Тематический номер журнала ИЛ «Испания: земля и небо» 12/2011 открывается фрагментом романа «Сефард» Антонио Муньоса Молина (1956) — писателя, журналиста, искусствоведа, снискавшего у себя на родине широкую известность. Фрагмент представляет собой написанное на одном дыхании эссе, в центре которого — скитальческая участь испанских евреев-сефардов, изгнание вообще, чувство чужбины и психология чужака. Два рассказа того же автора, но в совершенно другом роде: в «Реке забвенья» мифическая Лета, протекая рядом — рукой подать — с загородным буржуазным домом, вторгается в жизнь его обитателей; и второй — «Комната с приведениями» — не менее диковинный. Здесь же — интервью, данное Антонио Муньосом Молина Татьяне Родименко, переводчице упомянутых выше произведений.
Антонио Муньос Молина. Сефард. Фрагмент романа. Рассказы. Интервью
Сефард. (Фрагмент романа)
Я не могу забыть одну еврейскую постройку в том районе моего родного города, который называется Алькасар: его границы по сей день кое-где обозначены развалинами городской стены. Когда-то он вмещал в себя средневековую крепость-цитадель, первоначально принадлежавшую мусульманам, а начиная с XIII века — христианам. Если уж быть точным, с 1234 года, когда Фердинанд III Кастильский, именуемый в школьных учебниках Святым, вступил во владение только что завоеванным городом. Дабы мы, дети, без труда запомнили эту дату, нам велели затвердить четыре следующие одна за другой цифры: один, два, три, четыре, — и мы хором повторяли нараспев, как таблицу умножения: «Фердинанд III Святой отбил наш город у мавров в тысяча, двести, тридцать, четвертом году».

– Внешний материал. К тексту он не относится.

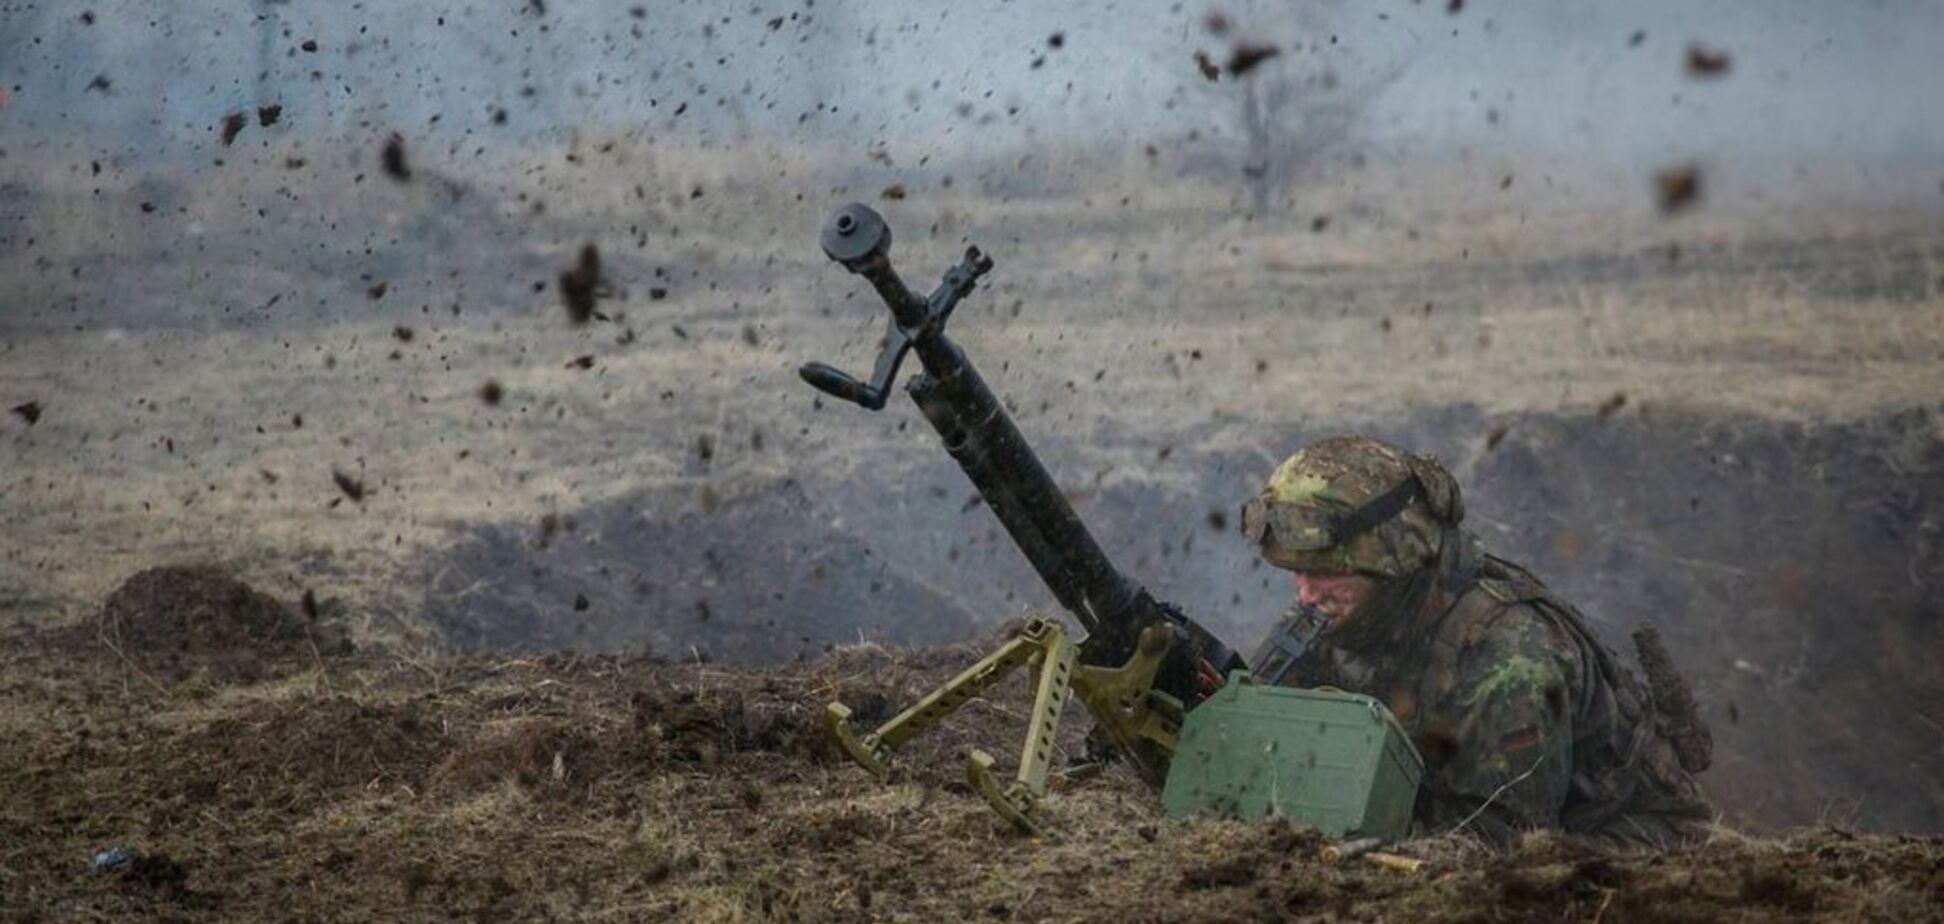 На Донбассе развязались адские бои: много жертв

За стенами крепости, находившейся на возвышении и почти неприступной с южной и восточной стороны, сначала укрывалась главная мечеть, а потом ее место заняла церковь Святой Марии. Церковь стоит и поныне, хотя вот уже много лет закрыта на реставрационные работы, которым не видно конца. Ее крытую галерею в готическом стиле — единственное, что в этом здании есть подлинно древнего и ценного, — уже не раз реставрировали как придется, главным образом в XIX веке. Тогда же — не позднее 1880 года — были пристроены несуразный и аляповатый портал и пара звонниц, не представляющих никакого интереса. Зато в том перезвоне, который раздавался в городе с наступлением вечера, звучание их колоколов я распознавал без труда: как-никак это были колокола нашего прихода. Я даже мог сказать, когда они звонили по новопреставленному, а когда — к заупокойной мессе, а по воскресеньям, в полдень и вечером, различал их заливистый трезвон, возвещавший начало литургии. Среди ближайших церквей выделялись колокола храма Спасителя — они звучали более низко и торжественно. Если же звук был звонким и чистым, тогда это были колокола женского монастыря; его звонница походила на крепостную башню и своей мрачностью была под стать всему зданию с наглухо закрытой входной дверью и каменной оградой, в любое время погруженной в холодную северную тень и оттого поросшей мхом и лишайником. Иногда эта огромная черная дверь со шляпками гигантских гвоздей отворялась, и — всегда парами — появлялись монахини в своих коричневых одеяниях; такие бледные, что представлялись мне вышедшими с того света. Их лица в обрамлении белой ткани под головным покровом казались белее этой ткани. Монахини навевали на меня такой ужас, что из опасения: а вдруг им вздумается меня похитить? — я жался к матери, которая в церкви всегда покрывала голову черной вуалью.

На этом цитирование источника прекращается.